I don't understand how this can work.
Can you make me a quick demonstration using a publicly available model and the dbpedia SPARQL endpoint?
https://dbpedia.org/sparql
Only if you think the transition to a zero-click Internet is happening too slowly.
Is zero click a real problem for actual site owners, or is it just affecting SEO job security?
I imagine it is if the content you paid for to create and host is only monetised by a search engine.

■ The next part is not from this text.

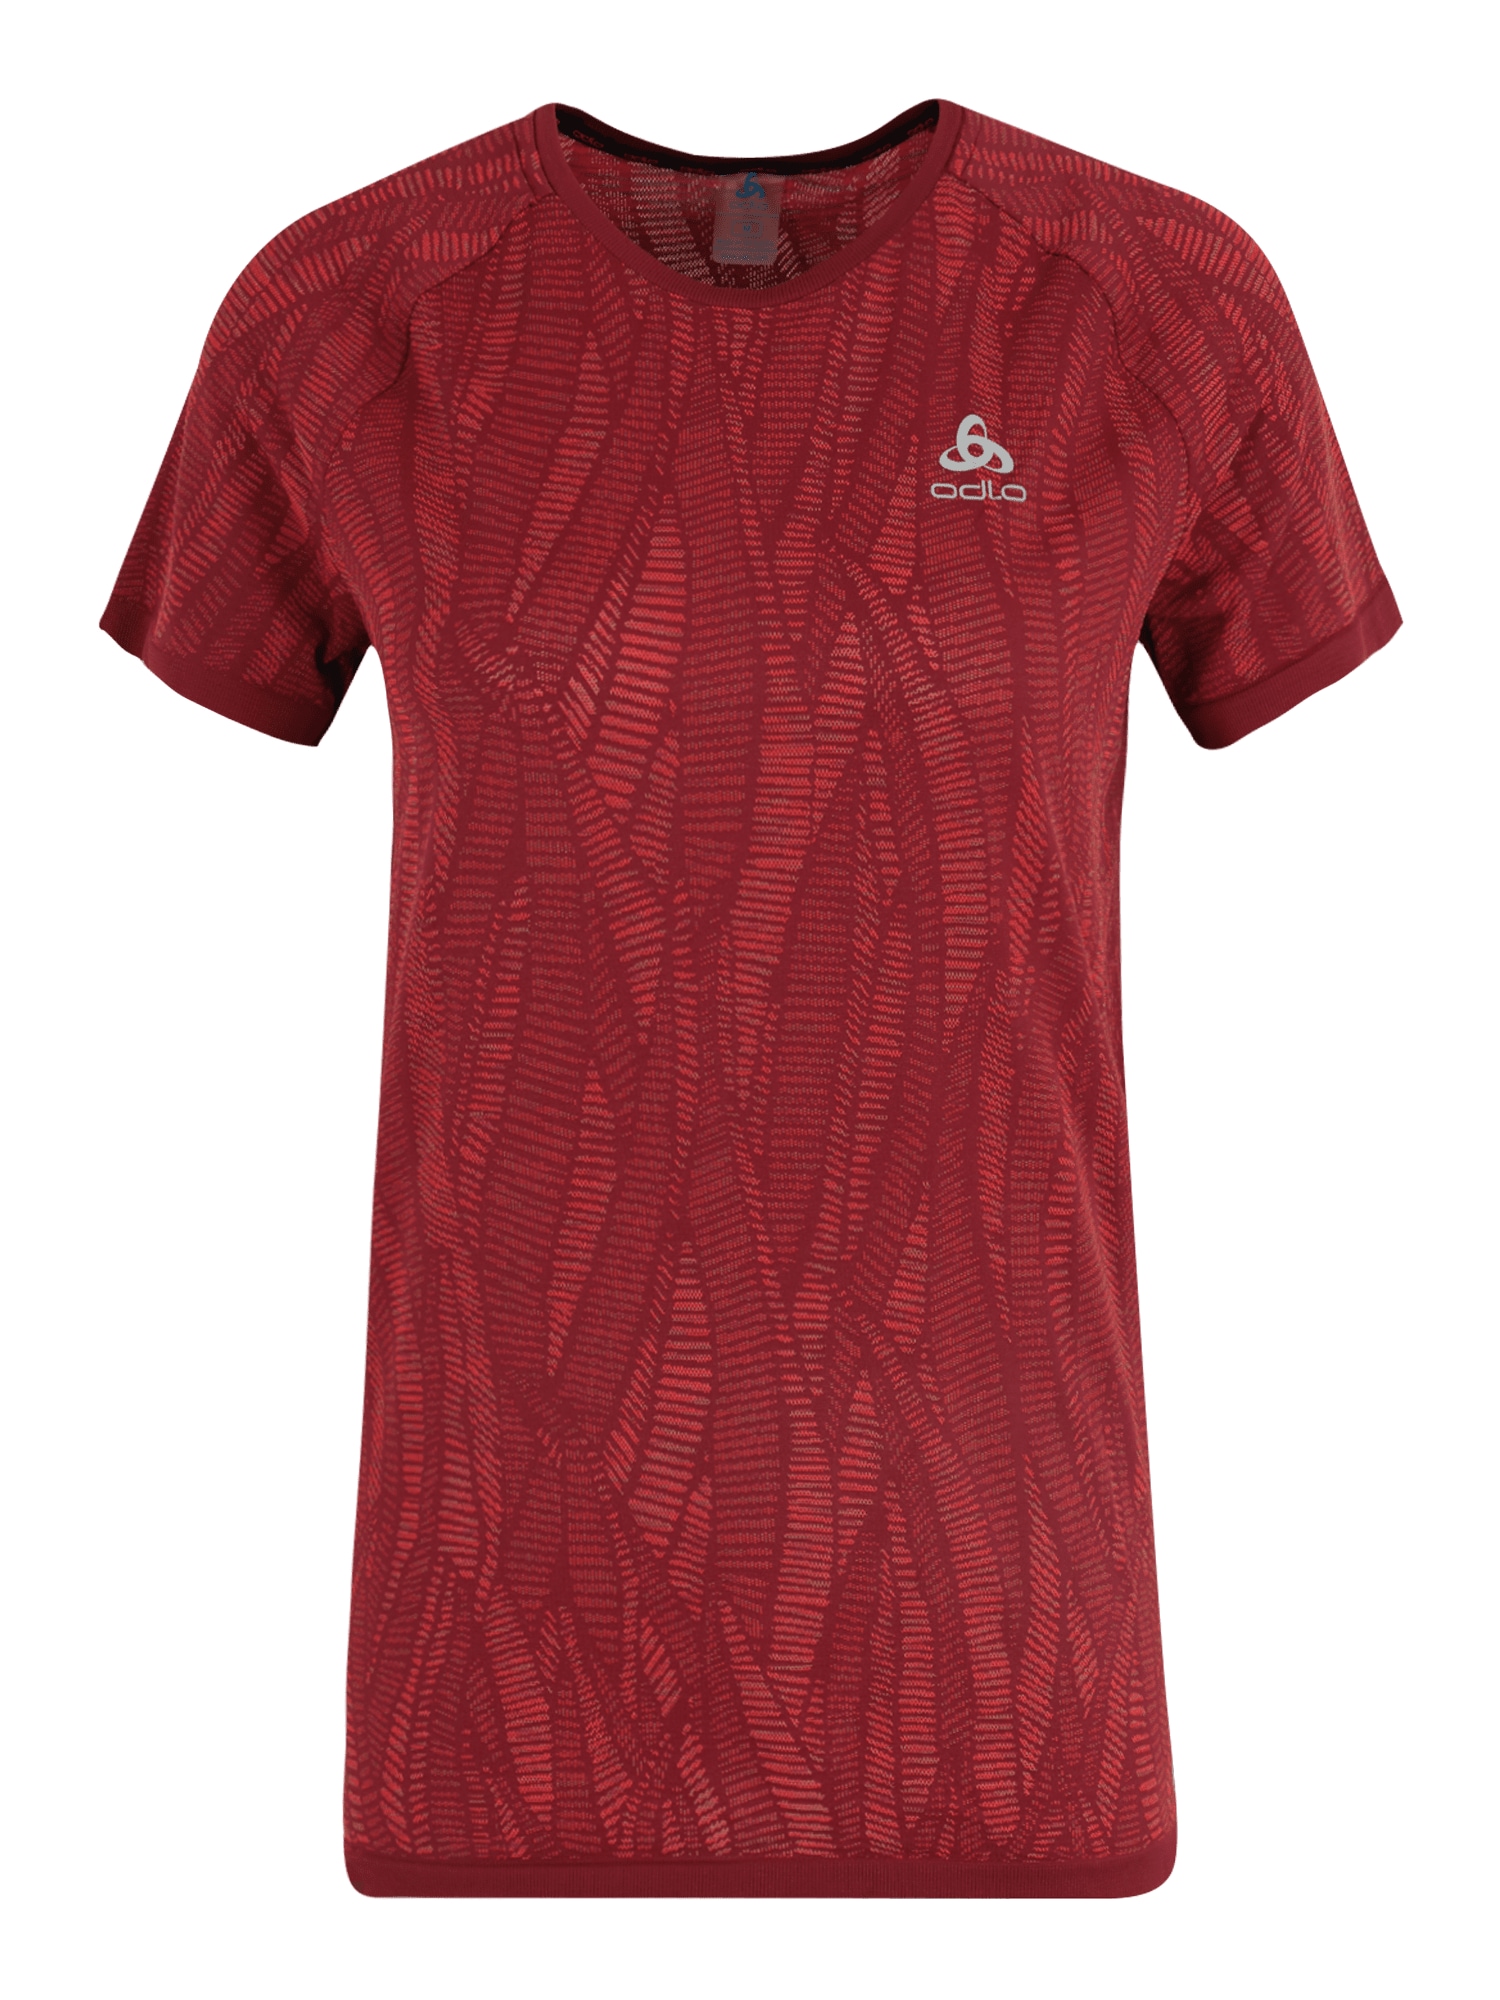 ODLO Sportiniai apatiniai marškinėliai šviesiai pilka / raudona / melionų spalva

RDFa/Microdata is more interesting for people whom sell objects instead of content. e.g. marking up that a page is about a kitchen cabinet that is 60cm wide and in the color white might lead to more sales in the long run. As people whom are looking for 60cm wide cabinets might get to your page instead of one about one 36 inch wide.
That's an oddly specific search and even Google doesn't have any kind of tools for queries like that. What is more likely is that you'll find companies specialized in selling cabinets and they'll have a browser/search to restrict choice by given dimensions. There is not a lot of benefits for them to expose all that data to various search engine, best case scenario they end up competing with a bunch of other brands on a generic search engine page where they have absolutely no control how things are presented etc...
And even before thinking about that, you can actually put the dimensions in a description, which some do (like Ikea) and Google is definitely able to pick up on that, no RDFa was ever needed. As far as I can tell, LLMs can work that out just fine as well.
The problem with the metadata discussion is that if they are actually useful, there is no reason that they are not useful to humans as well, so instead of trying to make the human work for the machine it is much better to make the machine understand humans.
That doesn't sound relevant to zero click.
It sounds harsh, but maybe that was never a good business model in the first place. And I fully realize that this includes most news sites. In order for the web to grow, I think we need to figure out some way to get past banner ads as the only way to make money. It's been 30 years.
It would be good to know why it was never a good business model.
It is VERY real, sadly
that's a terribly naive question.
Great idea, always used the markup, but is it used anywhere outside of some extremely niche services?